The ALJ is responsible for resolving conflicts in medical testimony, determining credibility, and resolving ambiguities. See Andrews v. Shalala, 53 F.3d 1035, 1039 (9th Cir. 1995). Thus, if on the whole record before the Court, substantial evidence supports the ALJ's decision, the Court must affirm it. See Hammock v. Bowen, 879 F.2d 498, 501 (9th Cir. 1989); see also 42 U.S.C. § 405(g). On the other hand, the Court "may not affirm simply by isolating a specific quantum of supporting evidence." Orn v. Astrue, 495 F.3d 625, 630 (9th Cir. 2007) (quotation omitted).

Notably, the Court is not charged with reviewing the evidence and making its own judgment as to whether Plaintiff is or is not disabled. Rather, it is a "fundamental rule of administrative law" that a reviewing court, in dealing with a judgement which an administrative agency alone is authorized to make, may only make its decision based upon evidence discussed by the ALJ. Sec. & Exch. Comm'n v. Chenery Corp., 332 U.S. 194, 196 (1947). Thus, the Court's inquiry is constrained to the reasons asserted by the ALJ and the evidence relied upon in support of those reasons. See Connett v. Barnhart, 340 F.3d 871, 874 (9th Cir. 2003); Frank v. Schultz, 808 F.3d 762, 764 (9th Cir. 2015). Similarly, when challenging an ALJ's decision, "issues which are not specifically and distinctly argued and raised in a party's opening brief are waived." Arpin v. Santa Clara Valley Trans. Agency, 261 F.3d 912, 919 (9th Cir. 2001) (citing Barnett v. U.S. Air, Inc., 228 F.3d 1105, 1110 n.1 (9th Cir. 2000) (en banc), vacated and remanded on other grounds, 535 U.S. 391 (2002)); see also Bray v. Comm'r of Soc. Sec. Admin., 554 F.3d 1219, 1226 n.7 (9th Cir. 2009) (applying the principle to Social Security appeals). Accordingly, the Court "will not manufacture arguments for an appellant." Arpin, 261 F.3d at 919 (citation omitted).
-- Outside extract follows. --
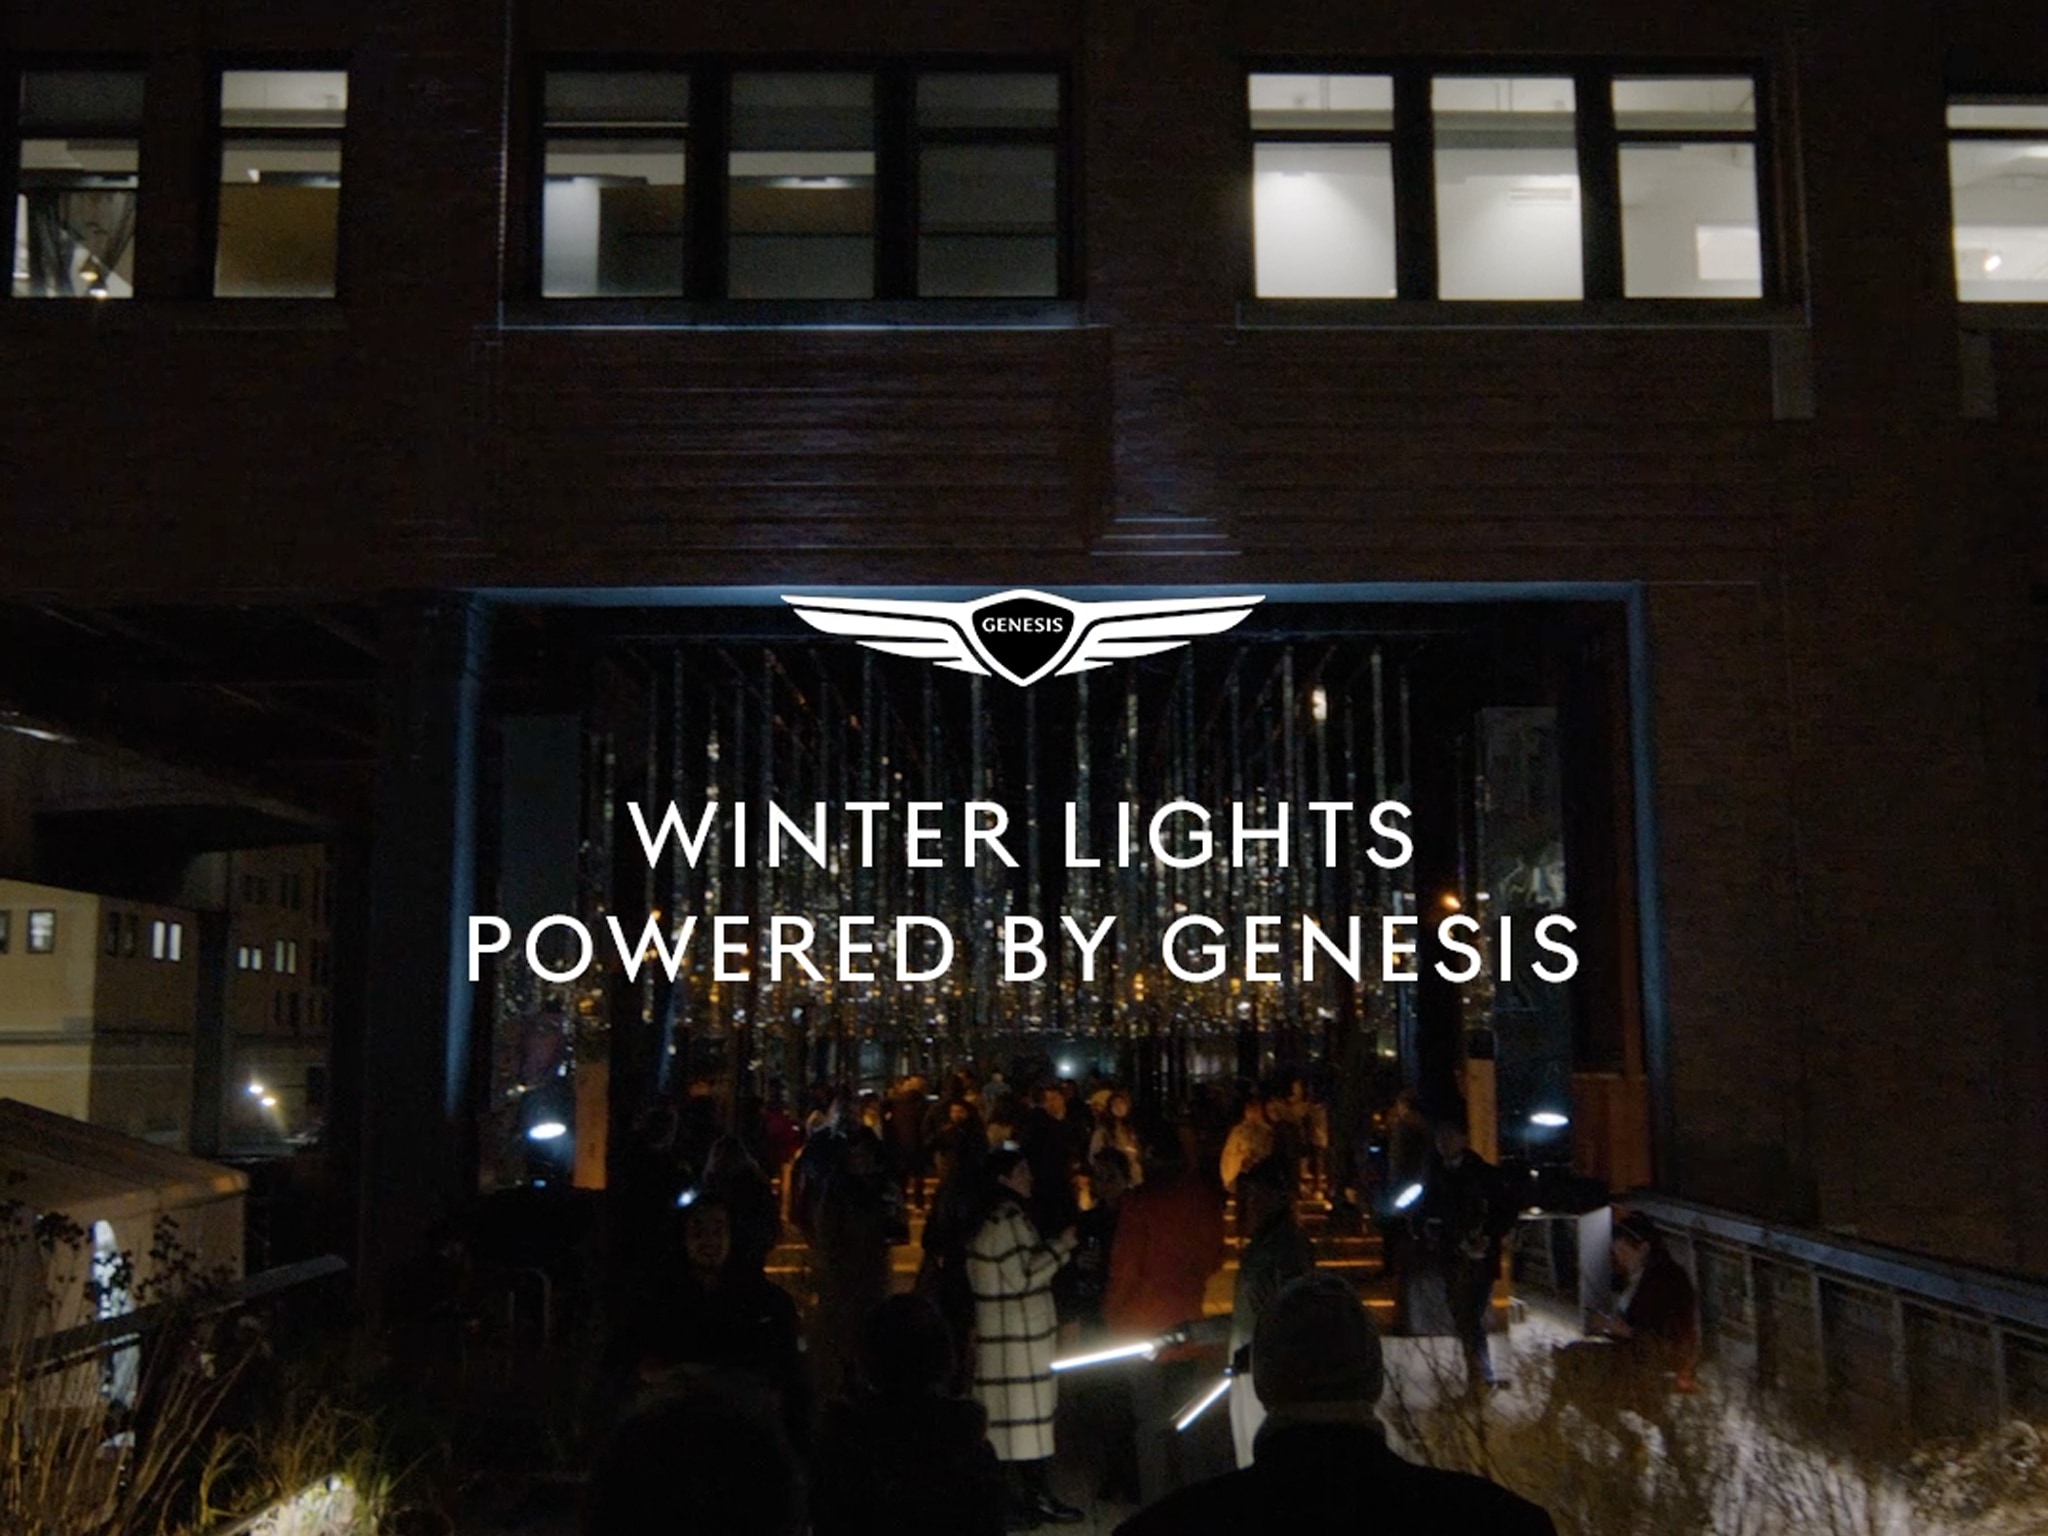 Winter Lights powered by Genesis

A. Definition of a Disability

A claimant can qualify for Social Security disability benefits only if she can show that, among other things, she is disabled. 42 U.S.C. § 423(a)(1)(E). A disability is defined as an "inability to engage in any substantial gainful activity by reason of any medically determinable physical or mental impairment which can be expected to result in death or which has lasted or can be expected to last for a continuous period of not less than 12 months." Id. § 423(d)(1)(A).

A person is disabled only if her "physical or mental impairment or impairments are of such severity that [she] is not only unable to do [her] previous work but cannot, considering [her] age, education, and work experience, engage in any other kind of substantial gainful work which exists in the national economy." Id. § 423(d)(2)(A).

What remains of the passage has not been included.